Algorithmic Stablecoins: What are Happened & Shouldn We Trust Them?

Trustee
6 min readMay 18, 2022

Since 2020, algorithmic stablecoins have become popular. Stable and predictable exchange rates of these coins allow them to be used to store capital, make payments, and exchange currencies, avoiding traditional banks and other payment systems.

Market participants believed that reliable algorithms would always keep coins stable, regardless of market conditions. However, May 2022 showed the opposite. Algorithmic stablecoins began to collapse one by one. As a result, users worldwide lost tens of billions of dollars.

In this article you will learn how algorithmic stablecoins work and why this technology is not perfect. After all, the string of collapses of such coins has only just begun. More surprises may lie ahead.

What Are Algorithmic Stablecoins?

Algorithmic stablecoins are a type of cryptocurrencies that maintains a rate without the use of collateral in fiat money or valuable assets. Instead, the exchange rate is maintained solely by algorithms. The algorithmic stablecoin protocol issues additional pegged coins when the price rises and redeems or burns them when the price falls. Accordingly, each algorithmic stablecoin has an auxiliary token whose issuance regulates a stable exchange rate to the US dollar.

There are fully unsecured or partially secured algorithmic stablecoins. These can regulate centralization and dependence on certain factors.

Such technology is supposed to be an alternative to secured and centralized coins with a fixed exchange rate to the dollar.

The lack of regulation and the lack of ties to the parent company was a major advantage of the technology. But in reality, algorithmic stablecoins turned out to be unable to withstand the non-standard market conditions — more on this below.

How Do Algorithmic Stablecoins Work?

Let’s consider the principle of algorithmic stablecoins in the example of the infamous TerraUSD (UST). It was the coin that had the largest capitalization, and best reflected the essence of the whole technology.

The developers pegged the exchange rate of the token to the US dollar. To ensure the stability of UST, the project team developed a scheme that includes forced additional issuance and burning of LUNA tokens. These tokens are part of the algorithm and the entire technology.

TerraUSD is influenced by the popularity of stablecoin in the market. An increase in the number of users of the token increases its exchange rate. A decrease in the popularity of the asset, on the contrary, lowers the UST exchange rate. Additional issuance and burning of LUNA were used to balance the price to help regulate the stablecoin exchange rate.

Other algorithmic stablecoins operate on a similar principle.
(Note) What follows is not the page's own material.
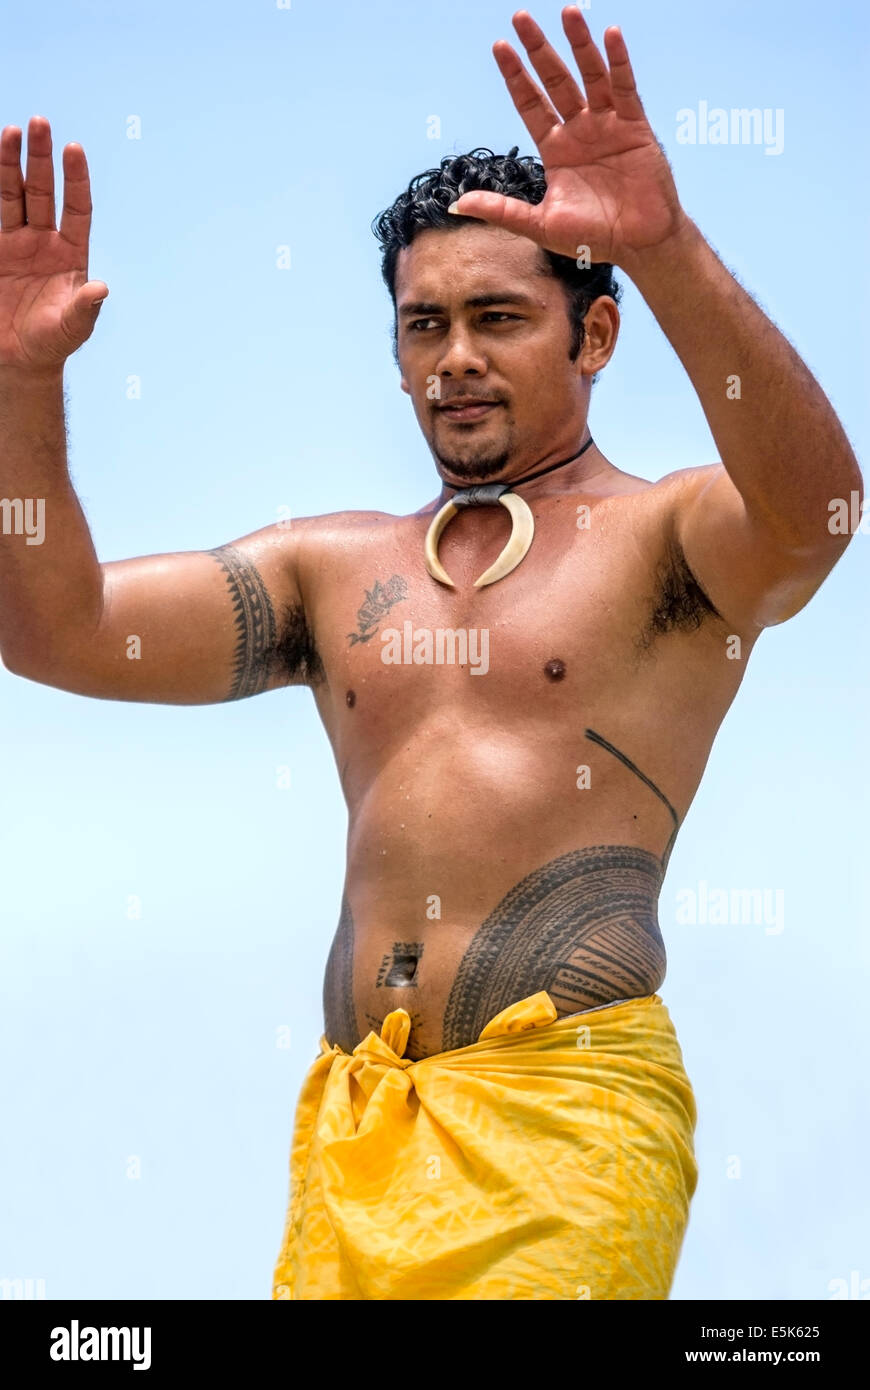 Polynesische Tänzer in Tracht während einer Performance in Apia, Samoa-Inseln. Stockfoto

Their main differences from regular stablecoins include not having centralized control, automating systems, and involving users in the regulation process. It was one of the reasons for the failure.

The imbalance of supply and demand and the lack of centralization prevented USTs from regaining their dollar peg after the volatility spike of May 7–9, 2022.

The rejection of a centralized management system does not solve all of stablecoin’s problems. For example, Tether CTO Paolo Ardoino has previously stated that decentralized stablecoins can be dangerous in case of volume liquidations of positions when tokens reach high capitalization figures. As we can see, those fears have come true.

List of Top Algorithmic Stablecoins

Unfortunately, amid the collapse of some stablecoins, we cannot evaluate coins by capitalization. Therefore, we offer a list of algorithmic stablecoins, including those that have lost their peg to the dollar.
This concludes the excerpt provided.